Data excerpts:
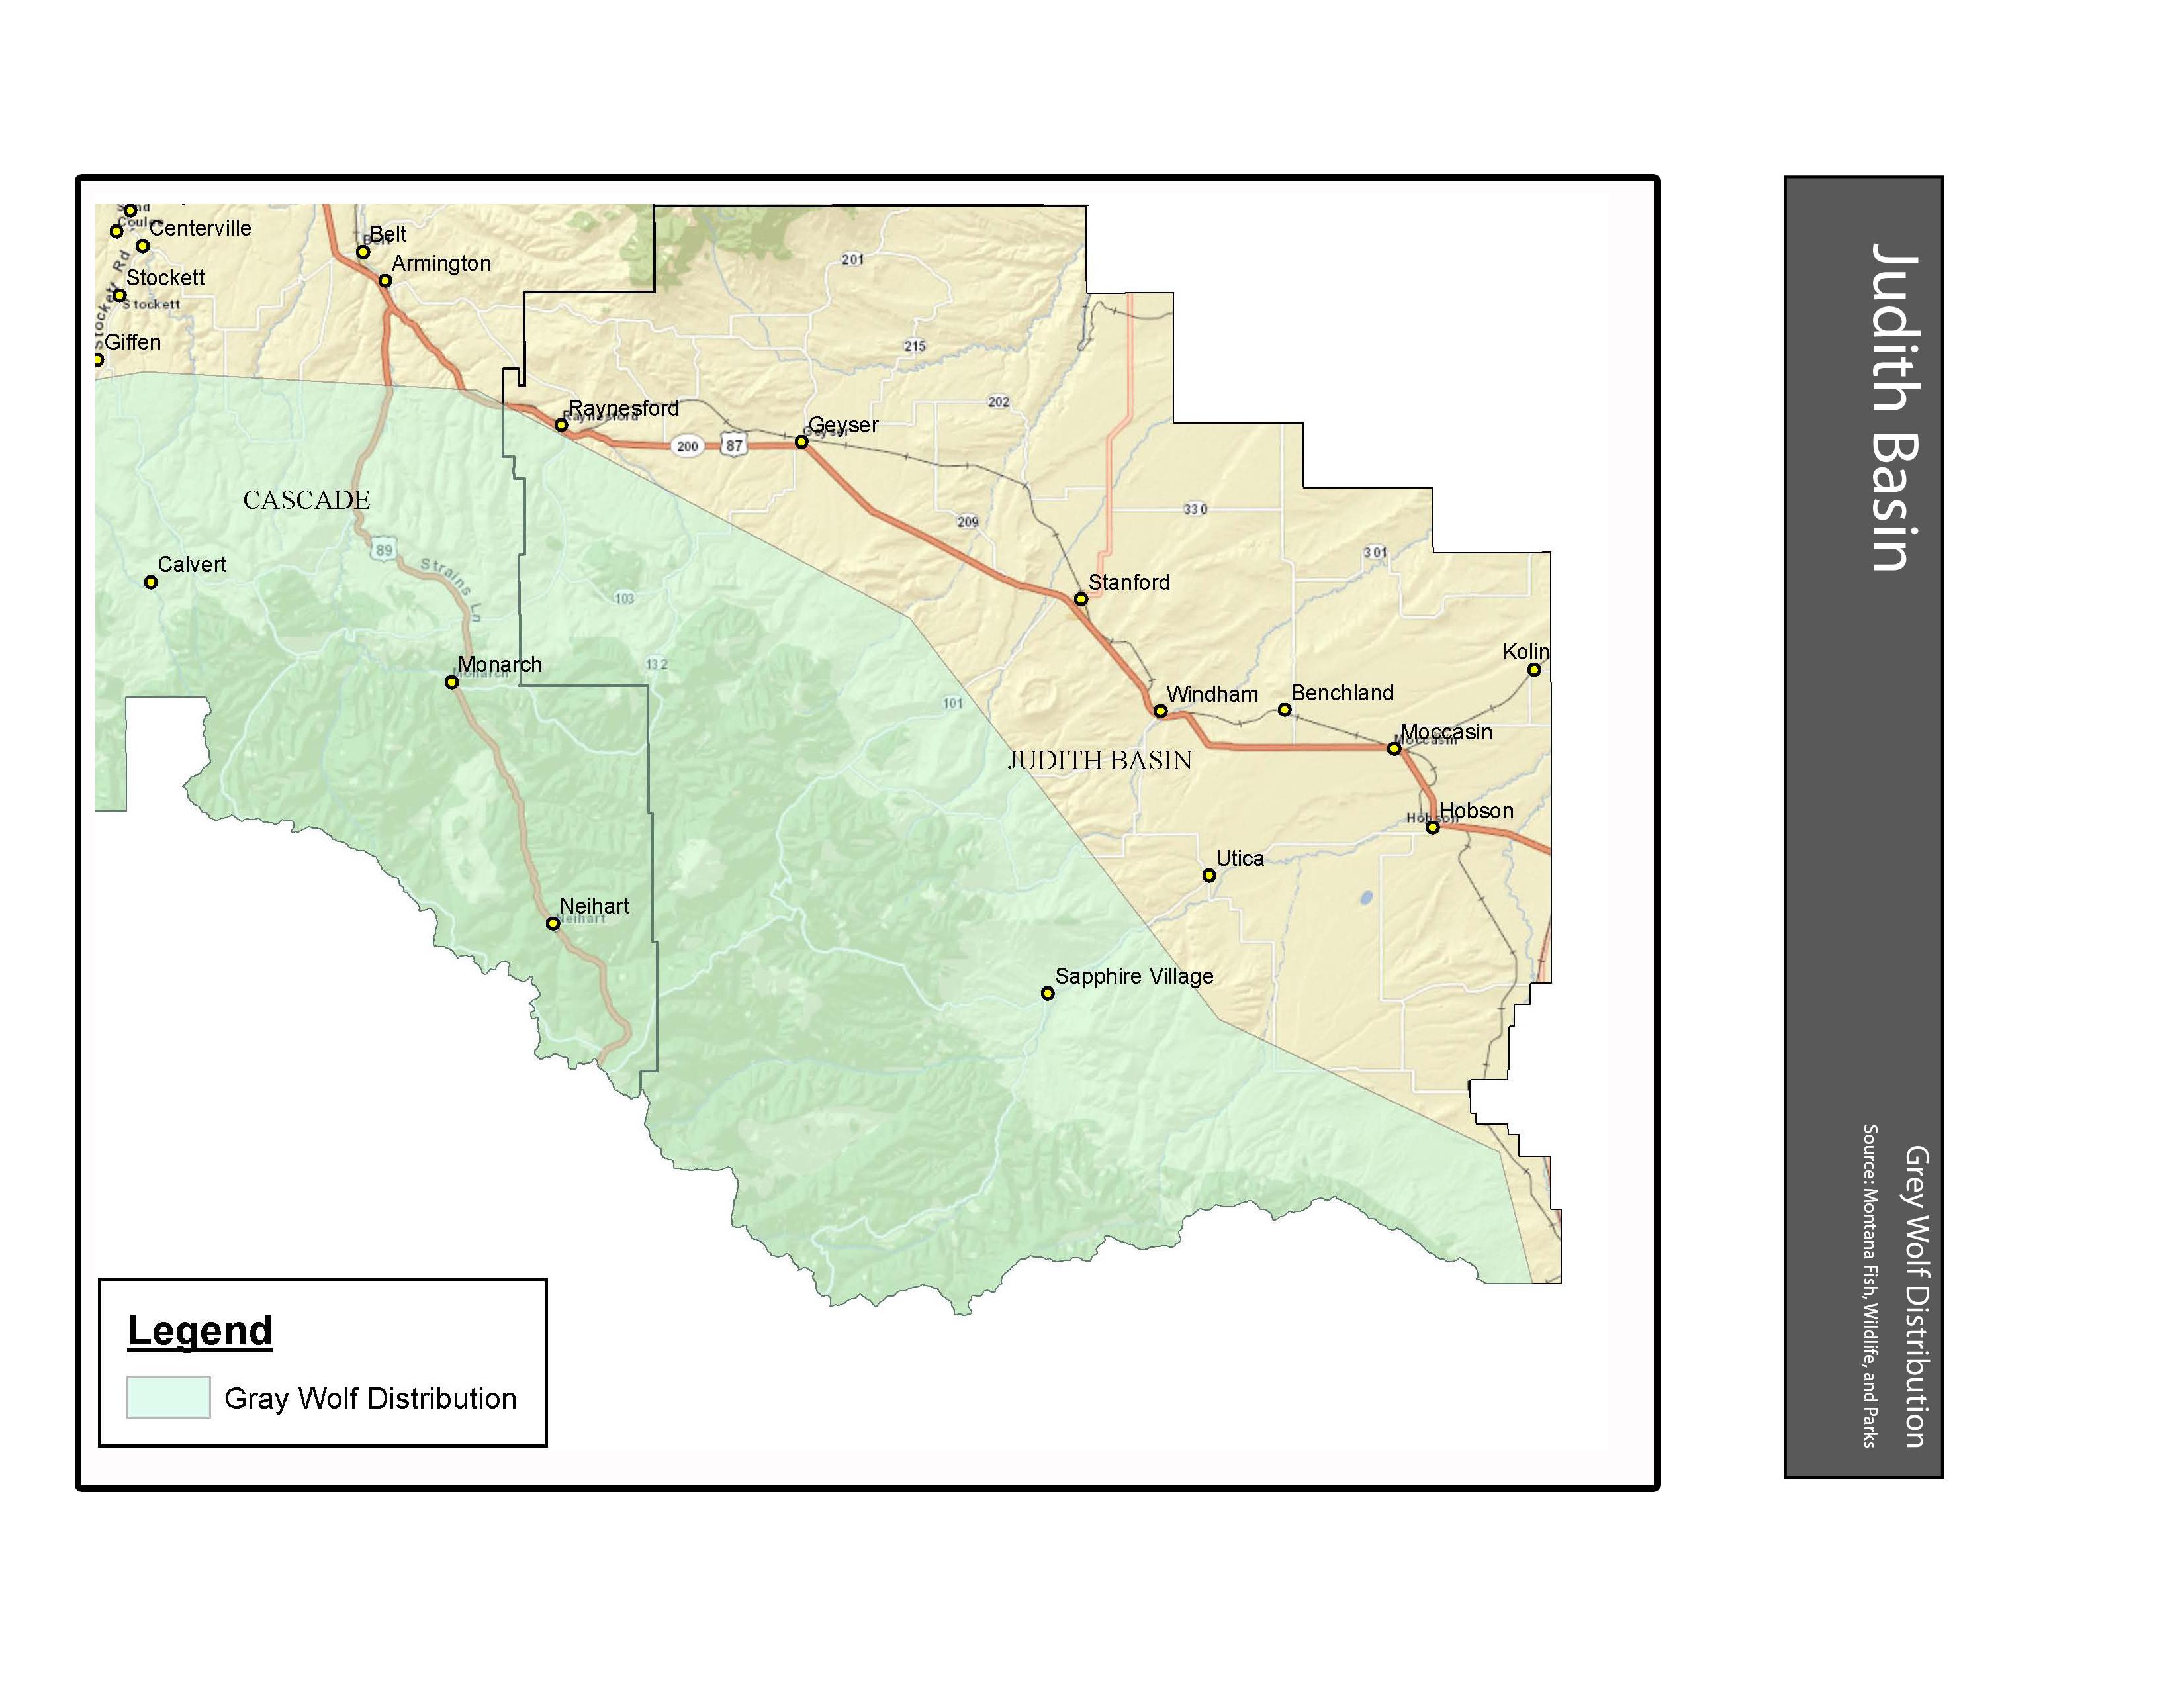 Gray Wolf Distribution Judith Basin County
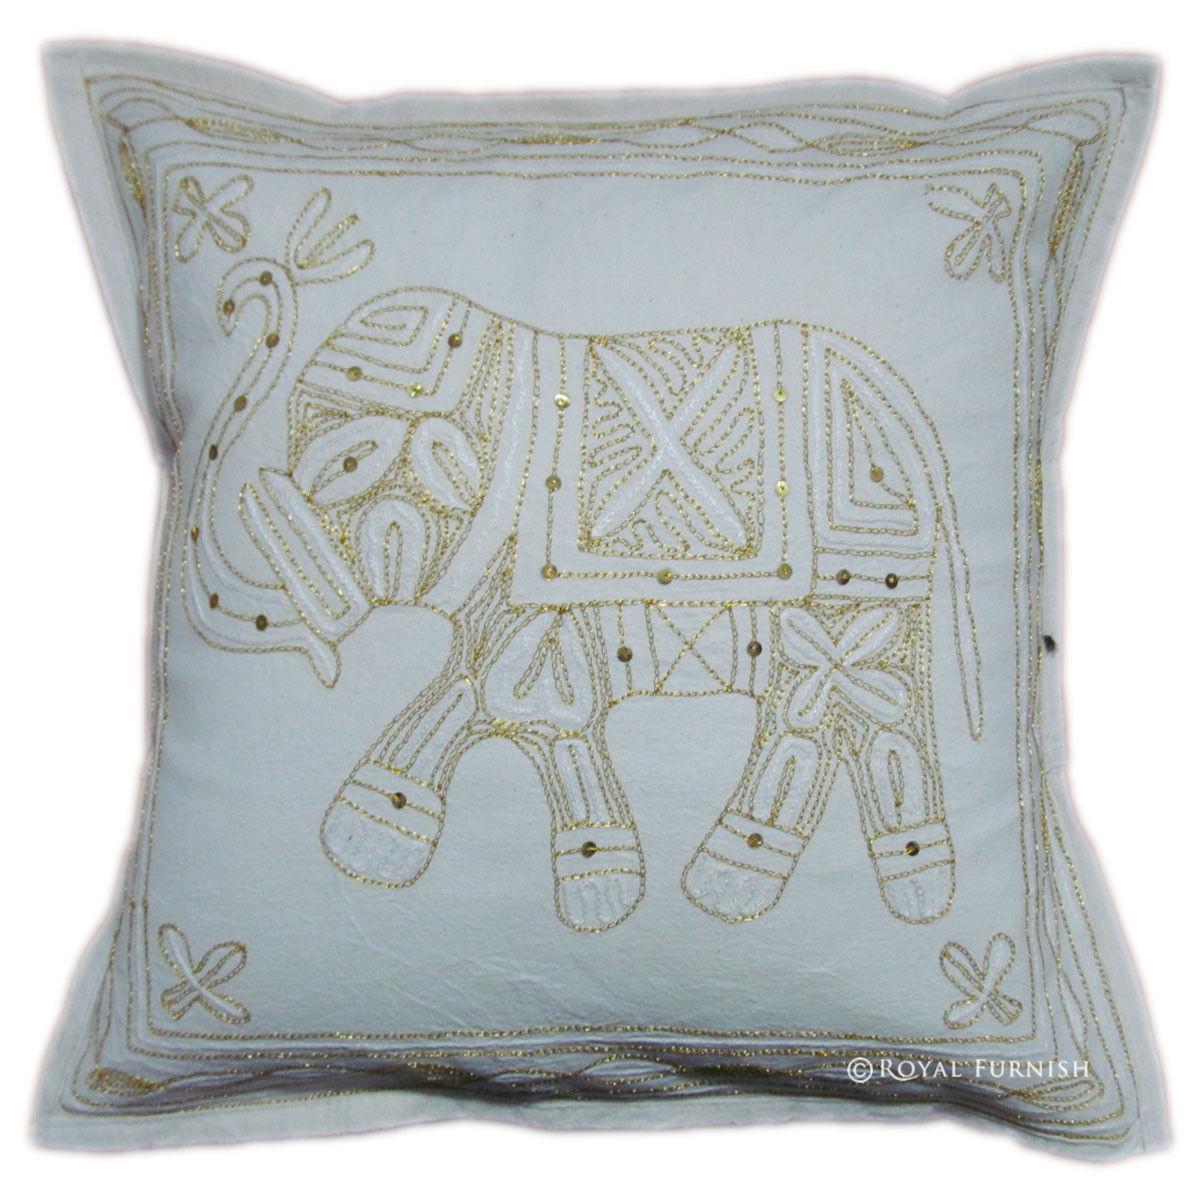 Embroidered Decorative Pillow : Handicraft Elephant Golden Thread Hand Embroidered Decorative Throw Pillow - RoyalFurnish.com
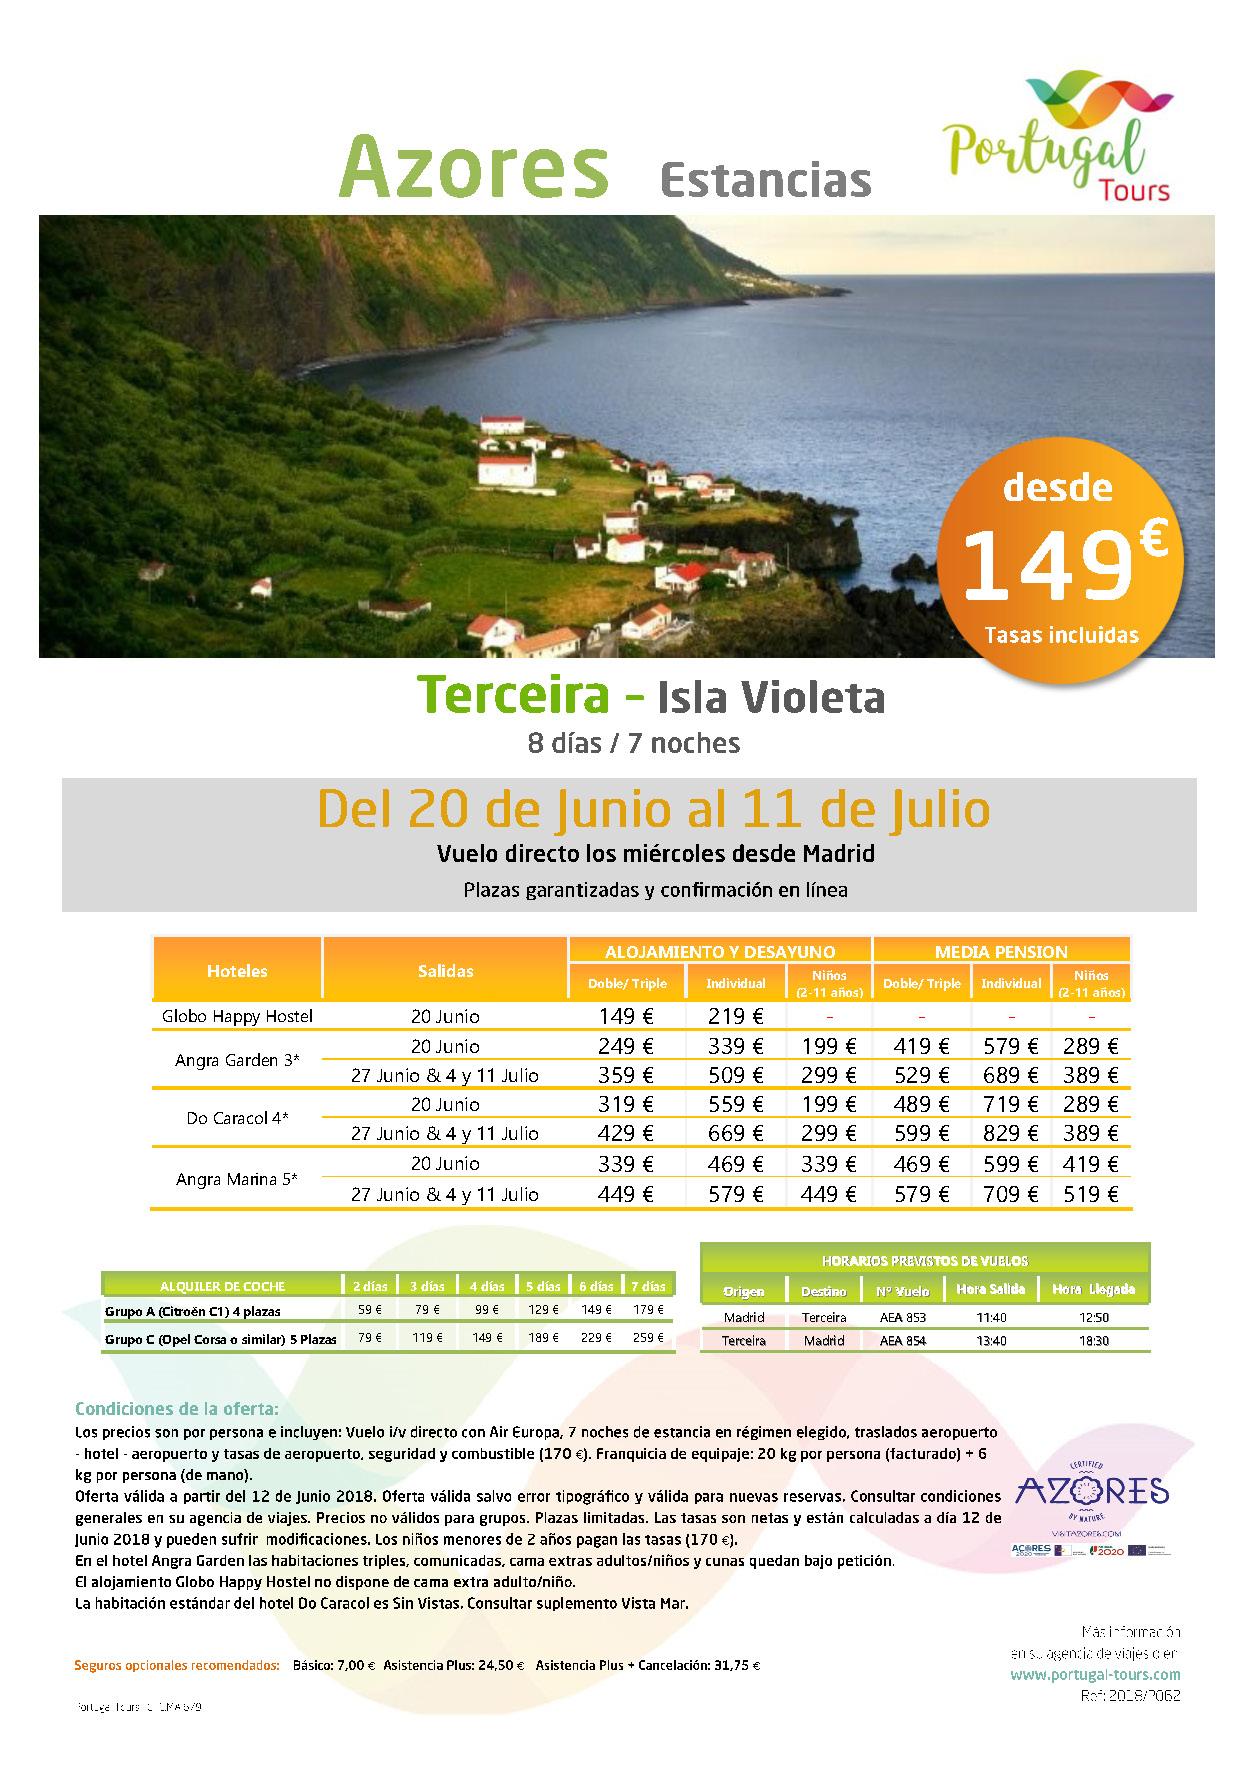 Oferta Portugal Tours Azores junio-julio 2018
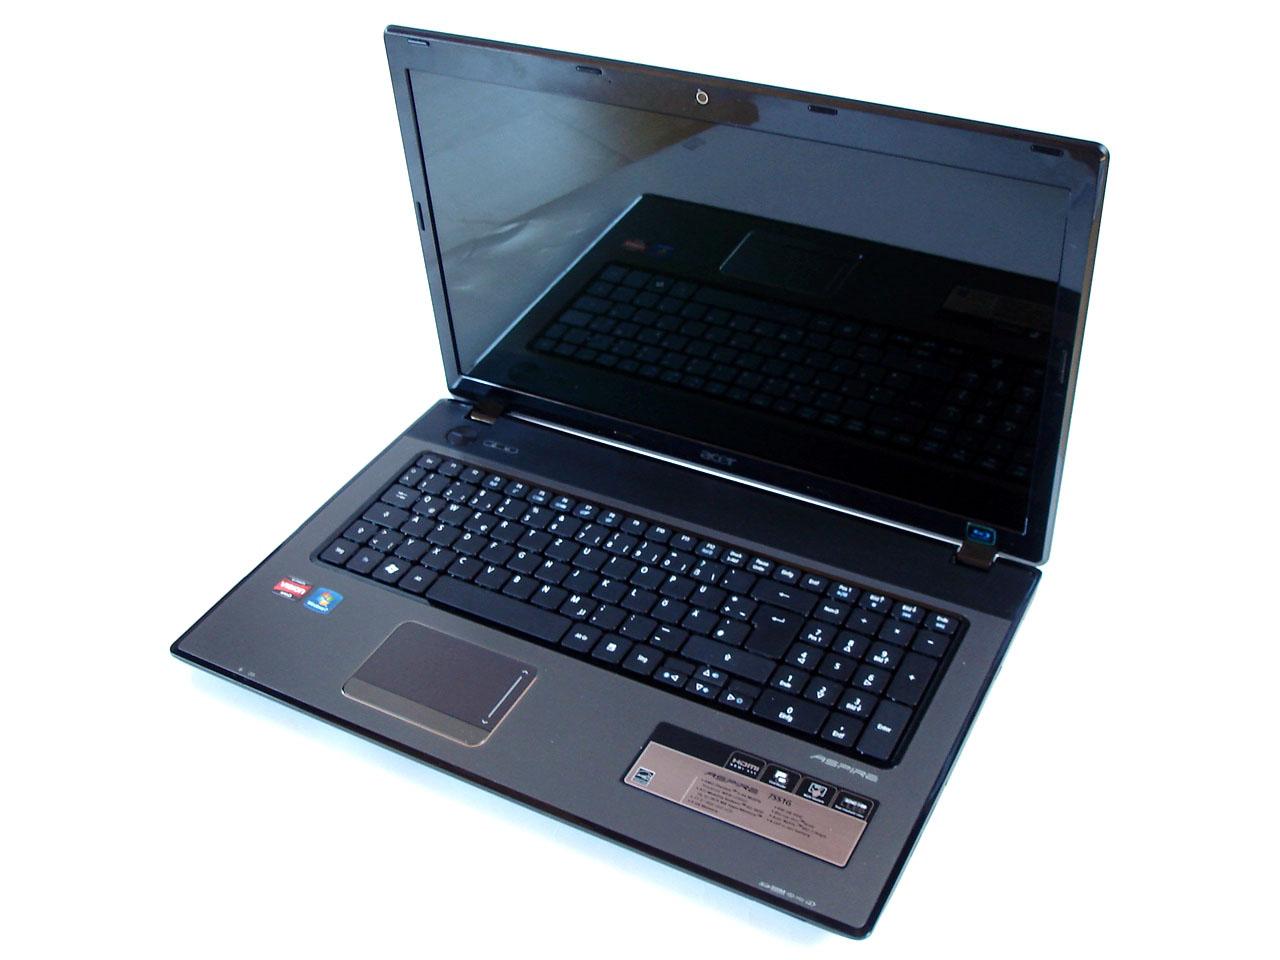 Ноутбук Acer TravelMate TMP278-MG-31H4 (NX.VBQER.004) Core i3-6006U (2.0)/4GB/1TB/17.3
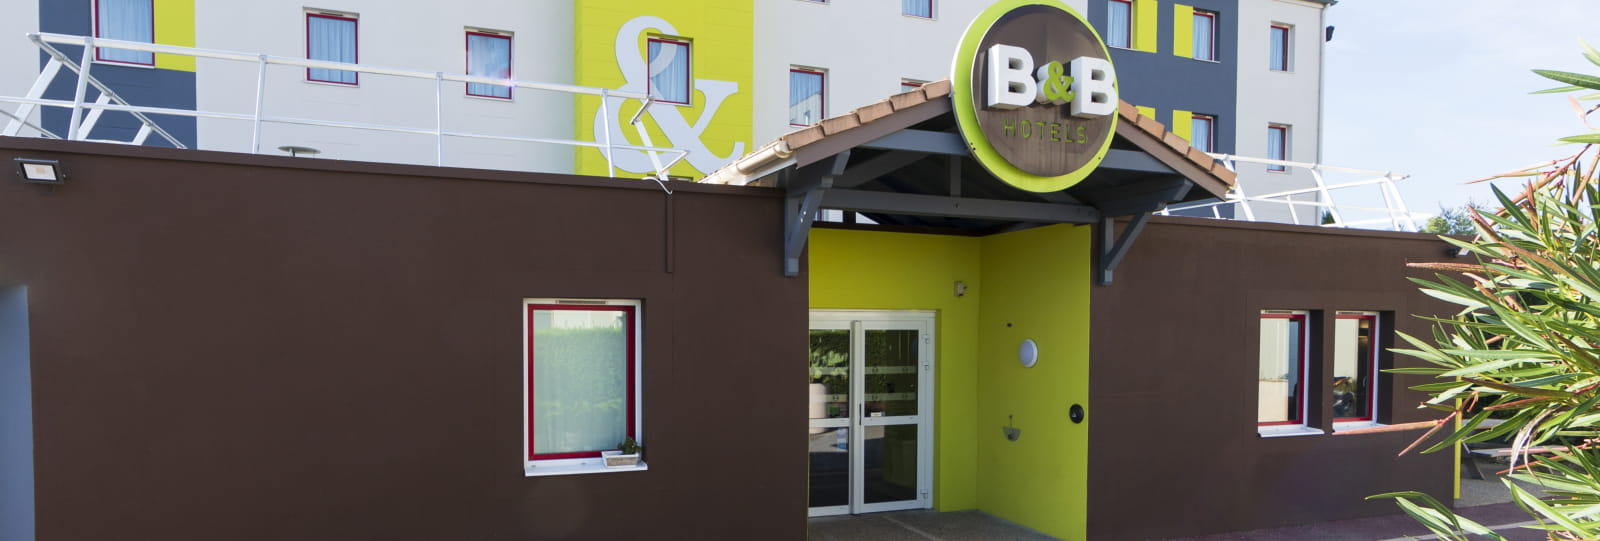 Hôtel B&B Valence Sud

EXERCISE REQUIREMENTS
Please retype the data exactly, but do not carry over any picture.

SOLUTION FOR THIS TASK
 Gray Wolf Distribution Judith Basin County
 Embroidered Decorative Pillow : Handicraft Elephant Golden Thread Hand Embroidered Decorative Throw Pillow - RoyalFurnish.com
 Oferta Portugal Tours Azores junio-julio 2018
 Ноутбук Acer TravelMate TMP278-MG-31H4 (NX.VBQER.004) Core i3-6006U (2.0)/4GB/1TB/17.3
 Hôtel B&B Valence Sud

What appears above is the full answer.